Modeling the Mechanical Properties of Root–Substrate Interaction with a Transplanter Using Artificial Neural Networks

Abstract

The mechanical properties of a plug seedling substrate determine whether it will crush during the transplantation, thereby affecting the integrity of the root system and the survival rate of transplanted seedlings. In this study, we measured eight morphological parameters of pepper seedlings using machine vision and physical methods, and the corresponding substrate mechanical parameters of the plug seedlings were tested using a texture analyzer. Based on the experimental data, a BPNN framework was constructed to predict the substrate mechanical properties of plug seedlings at different growth stages.
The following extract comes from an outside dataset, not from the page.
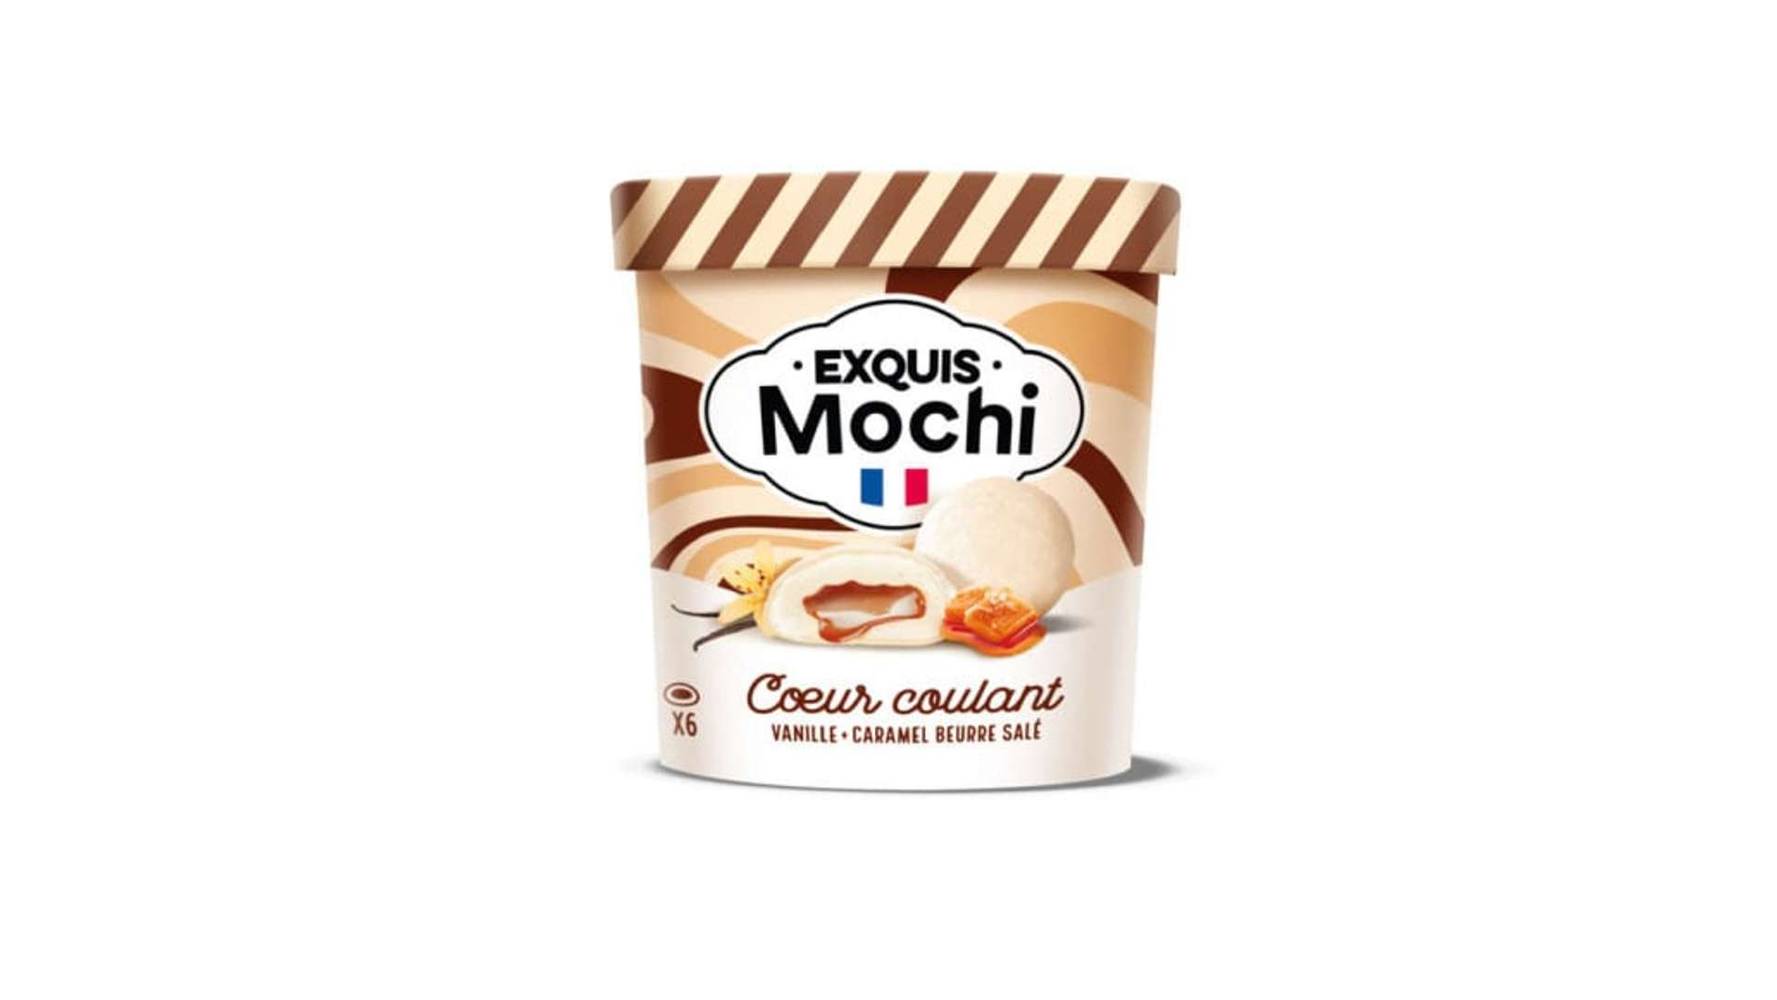 Exquis Mochi - Mochis cœur coulant (vanille - caramel beurre salé)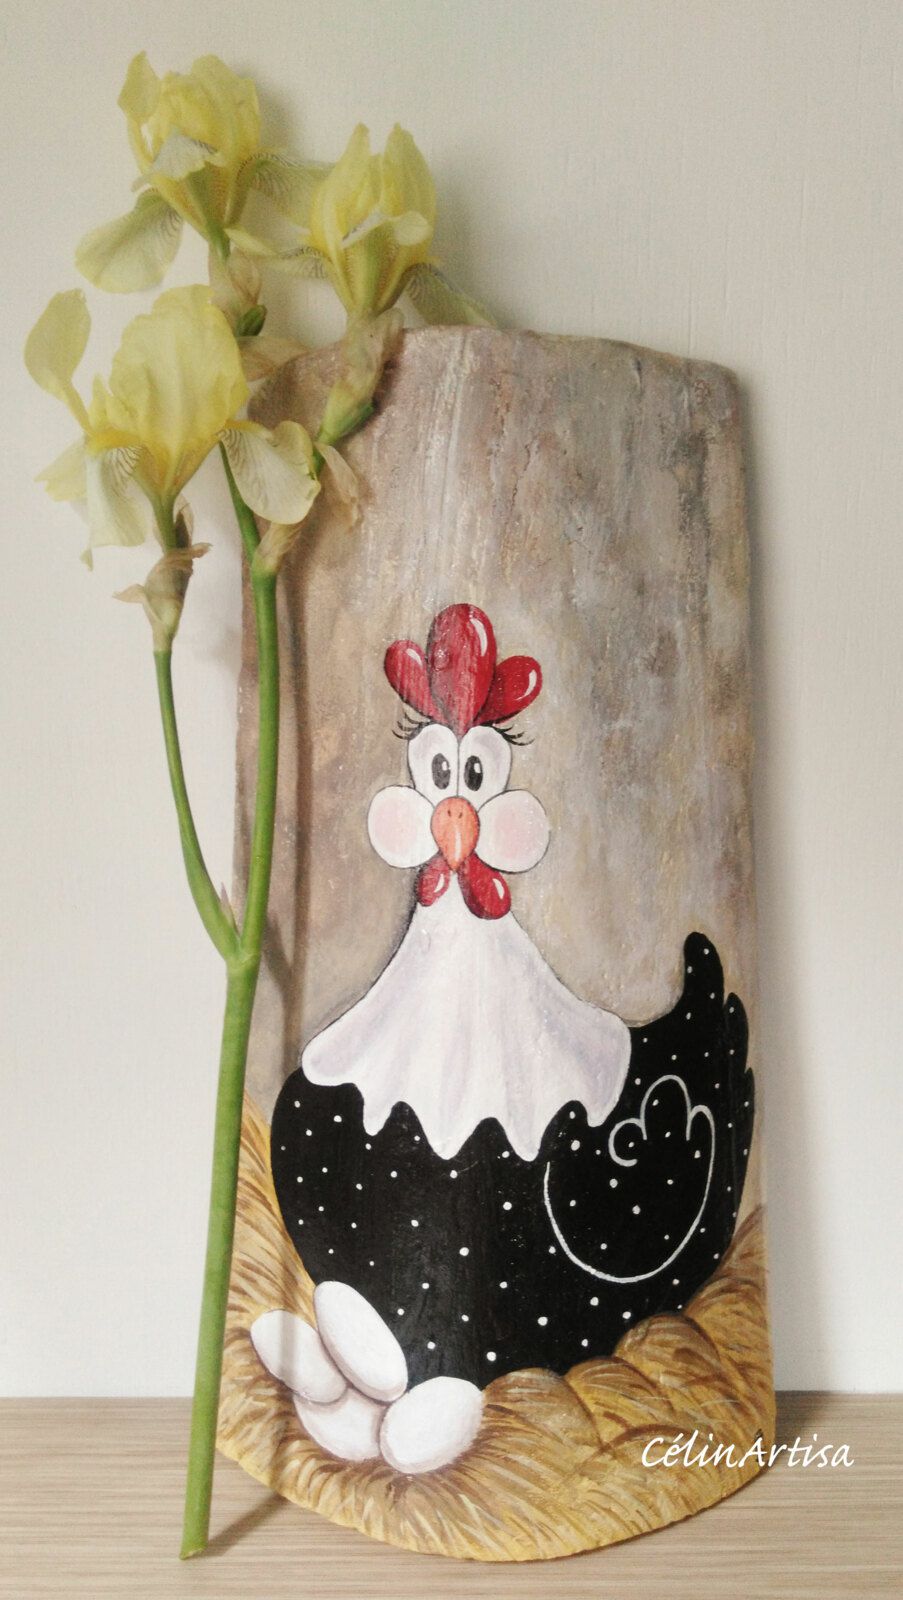 poule pondeuse peinte sur une tuile en argile (acrylique)

The results indicate that the BPNN with a framework of [8, 15, 15, 1] exhibits higher R2 and lower errors. The mean absolute error (MAE), mean squared error (MSE), and mean absolute percentage error (MAPE) values are 7.669, 88.842, and 9.076%, respectively, with an R2 of 0.867. The average prediction accuracy of 20 test data set is 90.472%. Finally, predictions and experimental validations were conducted on the substrate mechanical properties of seedlings grown for 47 days. The results revealed that the BPNN achieved an average prediction accuracy of 93.282%. Additionally, it exhibited faster speed and lower computational costs. This study provides a reference for the non-intrusive estimation of substrate mechanical properties in plug seedlings and the design and optimization of transplanting an end-effector.